LLM-based text embedders typically encode the semantic content of their input. However, embedding tasks require mapping diverse inputs to similar outputs. Typically, this input-output is addressed by training embedding models with paired data using contrastive learning. In this work, we propose a novel self-supervised approach, LLM2Vec-Gen, which adopts a different paradigm: rather than encoding the input, we learn to represent the model's potential response. Specifically, we add trainable special tokens to the LLM's vocabulary, append them to input, and optimize them to represent the LLM's response in a fixed-length sequence. Training is guided by the LLM's own completion for the query, along with an unsupervised embedding teacher that provides distillation targets. This formulation helps to bridge the input-output gap and transfers LLM capabilities such as safety alignment and reasoning to embedding tasks. Crucially, the LLM backbone remains frozen and training requires only unlabeled queries. LLM2Vec-Gen achieves state-of-the-art self-supervised performance on the Massive Text Embedding Benchmark (MTEB), improving by 9.3% over the best unsupervised embedding teacher. We also observe up to 43.2% reduction in harmful content retrieval and 29.3% improvement in reasoning capabilities for embedding tasks. Finally, the learned embeddings are interpretable and can be decoded into text to reveal their semantic content.
Community
LLM2Vec-Gen is a recipe to train interpretable, generative embeddings that encode the potential answer of an LLM to a query rather than the query itself.
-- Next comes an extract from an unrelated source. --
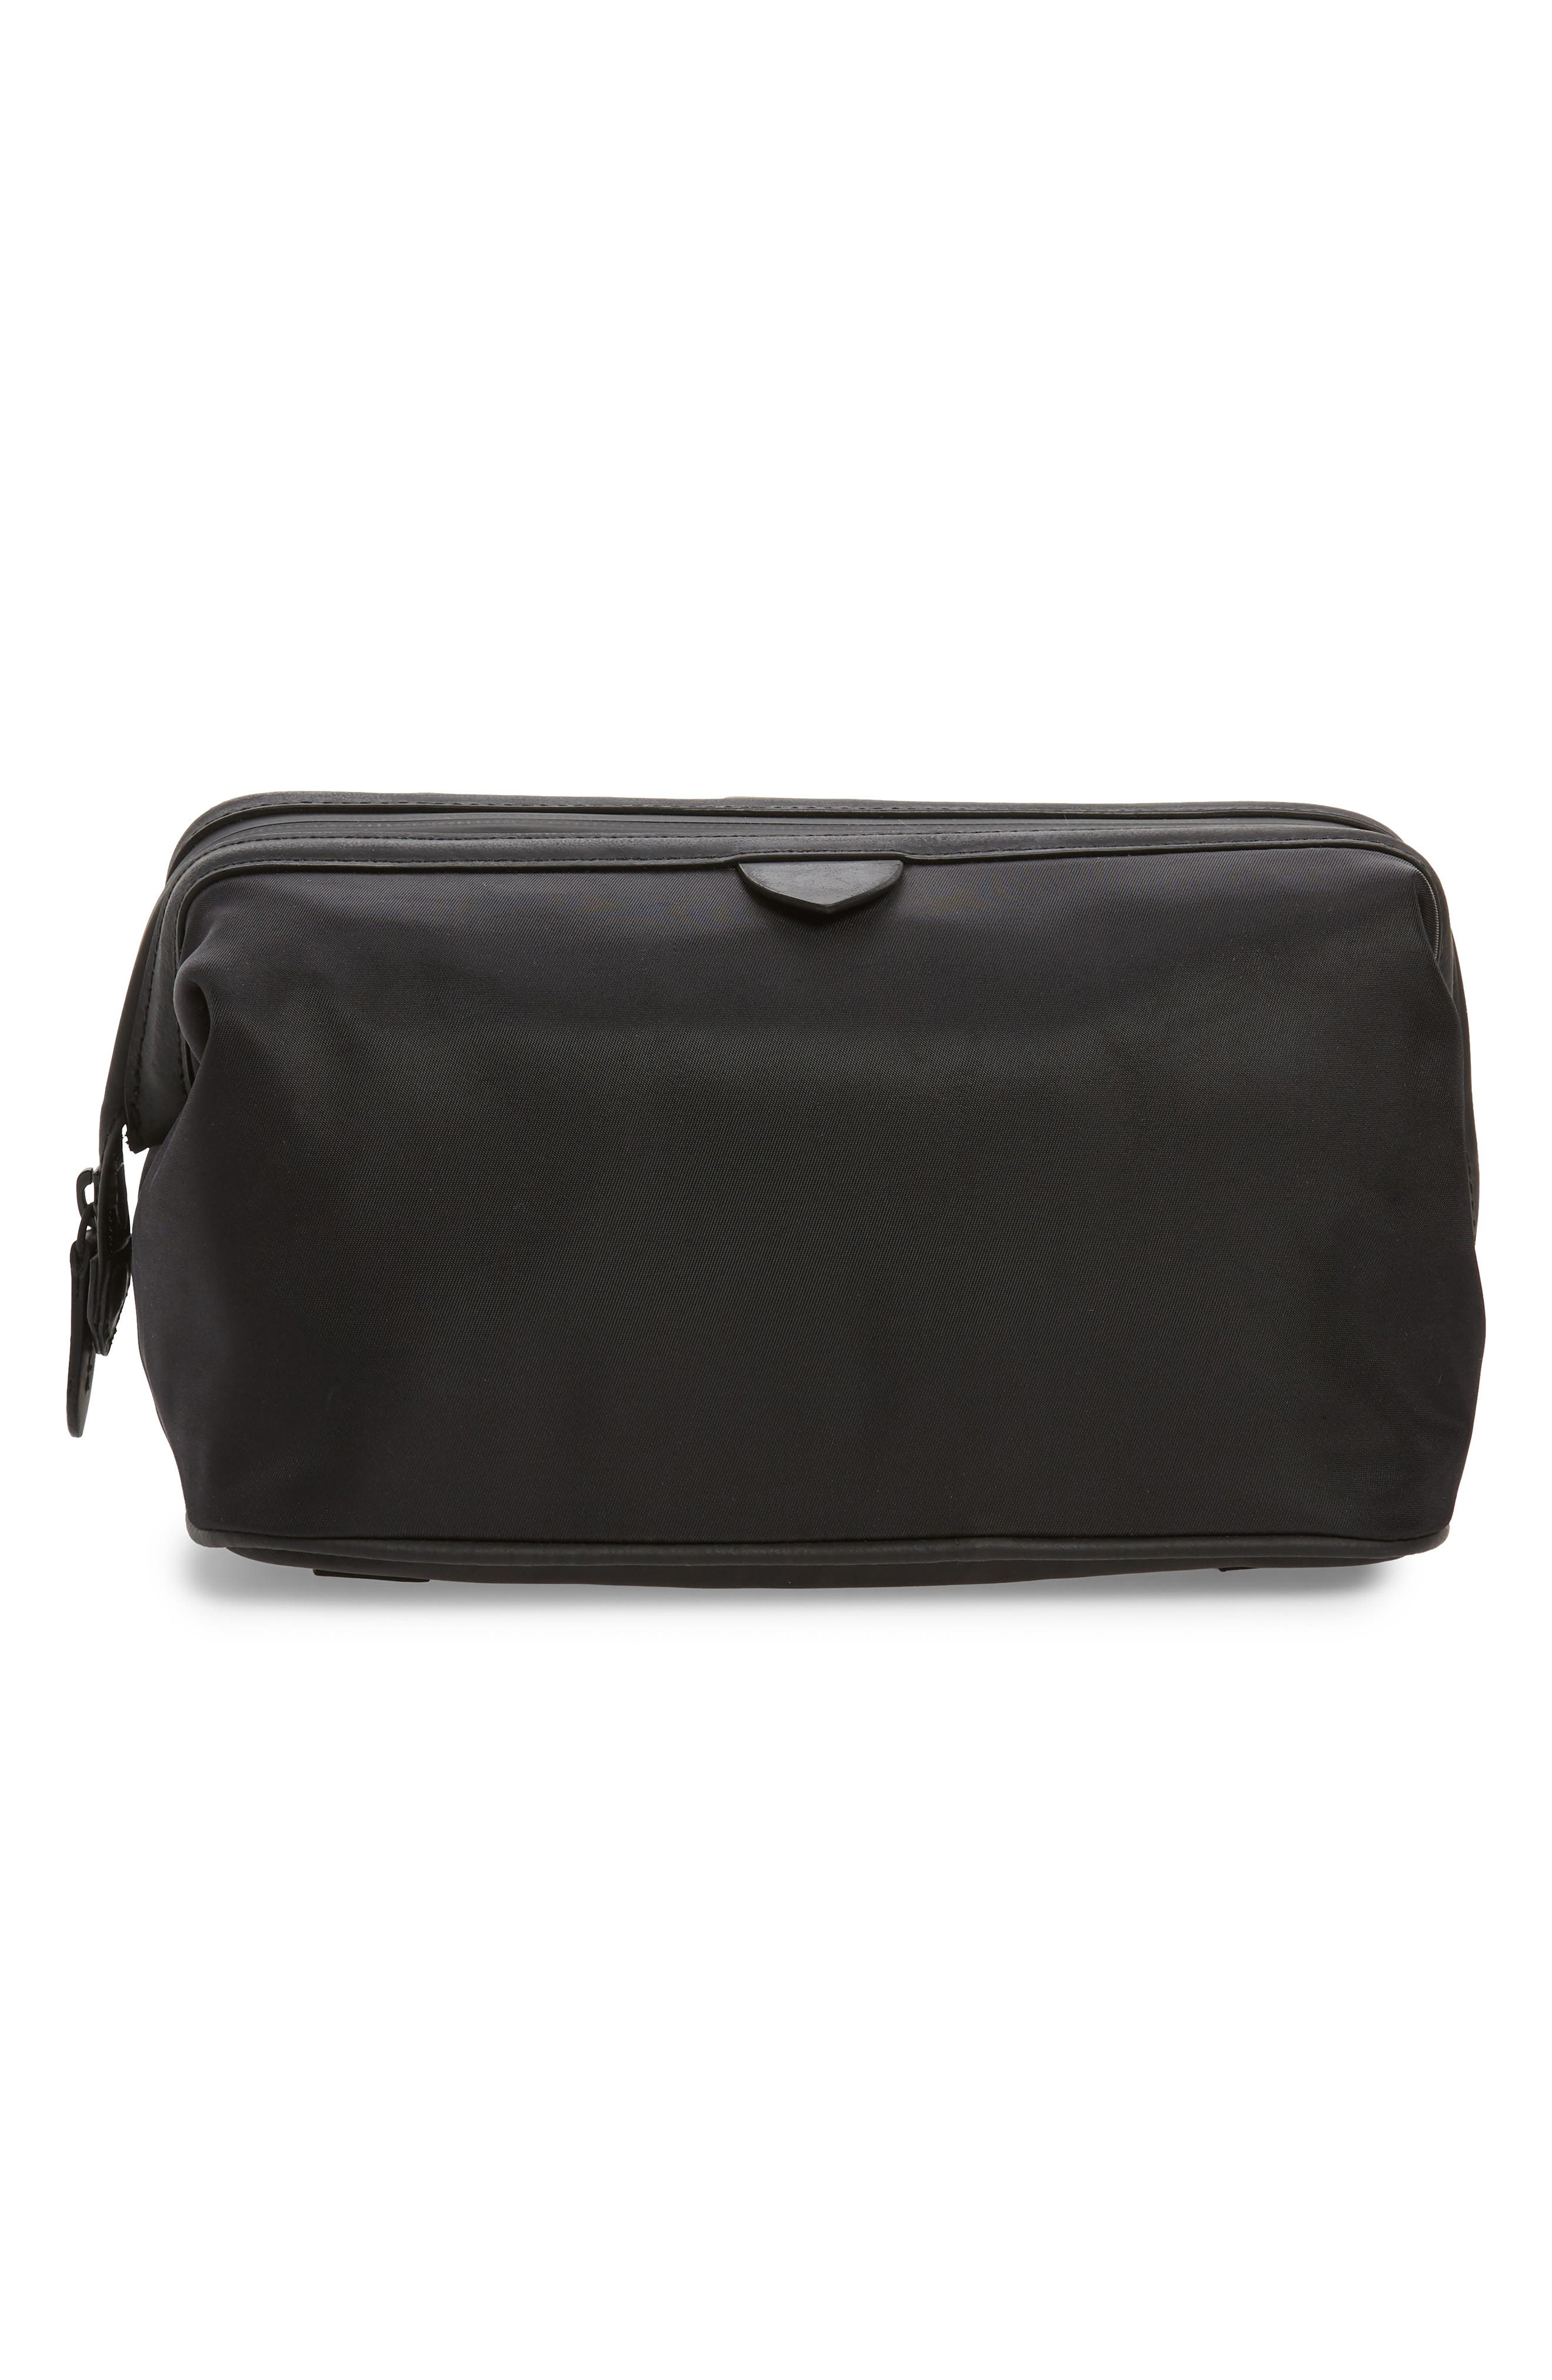 Zerogrand Toiletry Bag in Black

Specifically, we optimize additional trainable special tokens to represent the LLM's response in a fixed-length sequence. Training is guided by the LLM's own completion for the query, along with an unsupervised embedding teacher that provides distillation targets. This formulation helps to bridge the input-output gap and transfers LLM capabilities, such as safety alignment and reasoning, to embedding tasks. LLM2Vec-Gen embeddings are interpretable and can be decoded into text to reveal their semantic content.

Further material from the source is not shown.